The ghost of Chávez has become a political tool. He’s a symbol, woven into the mythology of the country he reshaped. To find out how this happened, we exchanged emails with Matthew Rhodes-Purdy, a Ph.D candidate at the University of Texas who studies the Chavista movement.

MG: What is it about Chávez’s personality that allows his influence to endure even after his death?

MRP: Chávez was the first major political figure in modern Venezuelan history to come from outside the traditional oligarchy, as embodied politically in the two major parties (Democratic Action and COPEI) that held power for most of the last half of the 20th century. He was dark skinned, he cursed frequently, and generally spoke the vernacular of the poor and the middle class. It is important to sort out how much of his appeal came from who he was, from how much came from what he represented, as a symbol. I think most of his charisma came from the position he occupied in Venezuelan political history. Charisma is often little more than the ability to be a blank slate, something onto which the dispossessed and the excluded can project their own hopes and dreams.

That said, Chávez could be very eloquent (in an earthy, everyman sort of way), and really was militantly opposed to compromise or conciliation with the remnants of the ancien regime. These elements of his personality, while not (in my opinion) as important as his contextual role as transition figure from oligarchic to populist democracy, they cannot be ignored.

MG: Venezuela is an overwhelmingly Catholic country, to what extent do you feel that Latin American religious practices can explain the way in which Chávez is being remembered and invoked?

MRP: I don’t think Catholicism matters that much in this case; this kind of cult of personality is very common with populist leaders, regardless of religiosity. Eva Peron in Argentina received similar treatment after her death. And this kind of thing is unusual in Chile, for example, which is far more Catholic and religious than Venezuela.

Two factors lead to this sort of treatment. First, you need to remember that Venezuela is part of Caribbean South America, which is the same region that gave birth to Gabriel Garcia Márquez and magical realism. This kind of intermingling of the supernatural and the mundane is not nearly so odd given the cultural context.

Second, I think all this worship of the fallen hero is an attempt to cover deep-seated anxieties about the future of the Bolivarian state. The Chavista coalition is extremely diverse, and various sectors have very different interests. Without Chávez at the top to settle factional disputes and enforce discipline, fears of fracture are justified. Add to this the anti-elite paranoia that runs deep within this movement, and it is easy to see why people would long for the continuing presence of Chávez, even as a ghost.

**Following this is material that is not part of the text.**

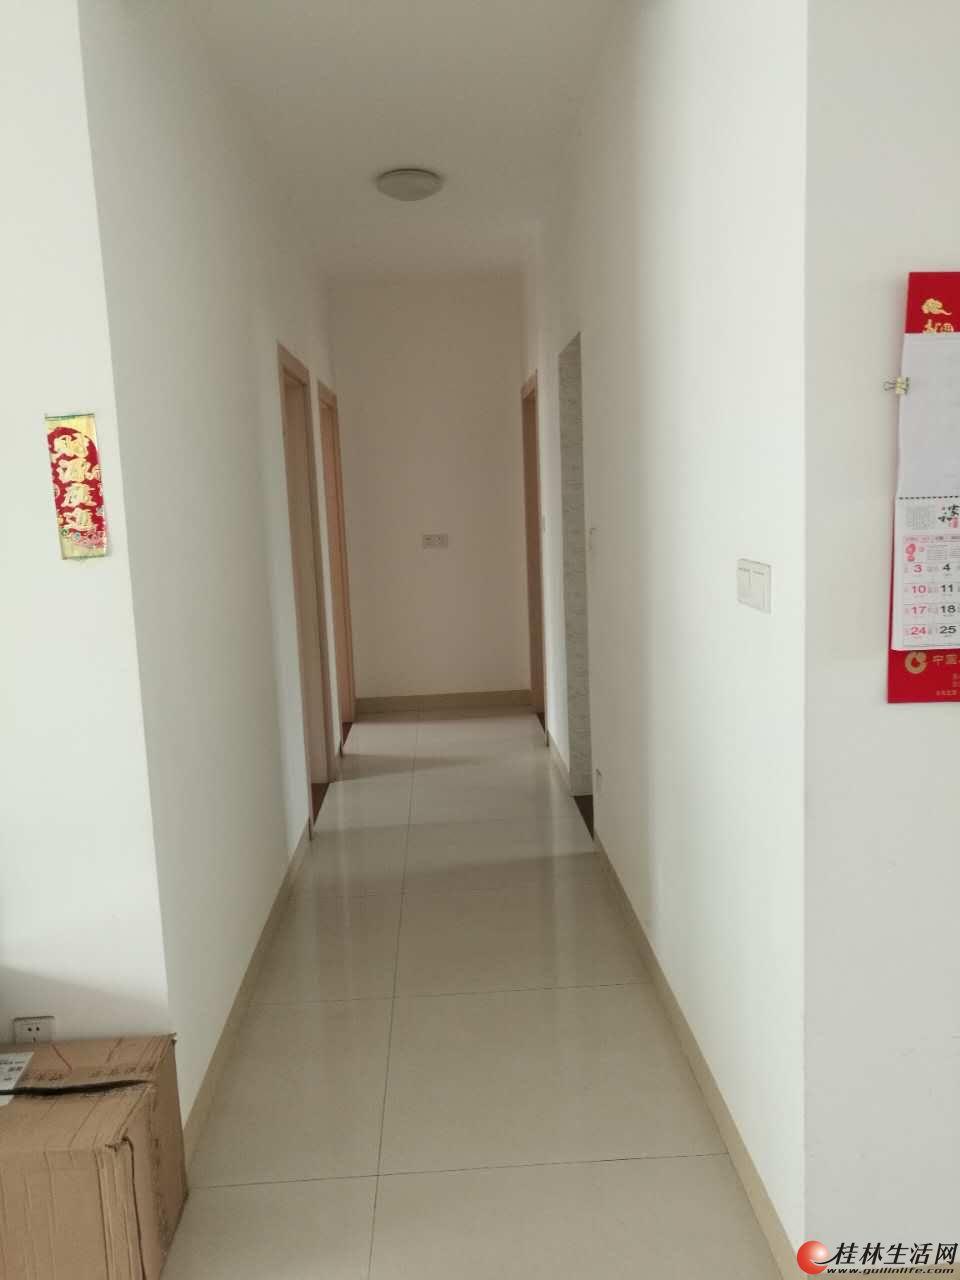 建设路地税局宿舍6楼120平米租金1300元非中介

MG: How long will Chávez’s legacy persist? Have we seen the last of his ghost?

MRP: Chávez fundamentally and irrevocably altered the balance of power in Venezuelan politics. His influence, in that sense, will likely be perpetual. He activated the urban informal poor, Afro-Venezuelans and rural Venezuelans to an extent never before seen, and I don’t see any way to undo those changes. In the immediate term, his influence will largely depend upon the ability of the Bolivarian movement to adapt to the post-Chávez era.

The Chavista movement lacks strong leadership, a clear agenda, and institutions for apportioning influence and power within the movement, renovation and progress are unlikely anytime soon. So the Bolivarians will likely cling to their dead founder for the foreseeable future, meaning that Chávez will now serve as a drag on the movement he helped found, a crutch on which it leans instead of facing its substantial shortcomings head-on.

In some sense, the Bolivarian movement now resembles the Venezuelan political system prior to Chávez’s ascendance. That is, it is stuck in place, unable to grapple with a fundamental change in the political context, relying on hollow appeals to the past and repression rather than finding meaningful solutions. Ironically, the quicker the Chavista movement can lay its leader to rest and move on without him, the more enduring (and positive) his legacy will be.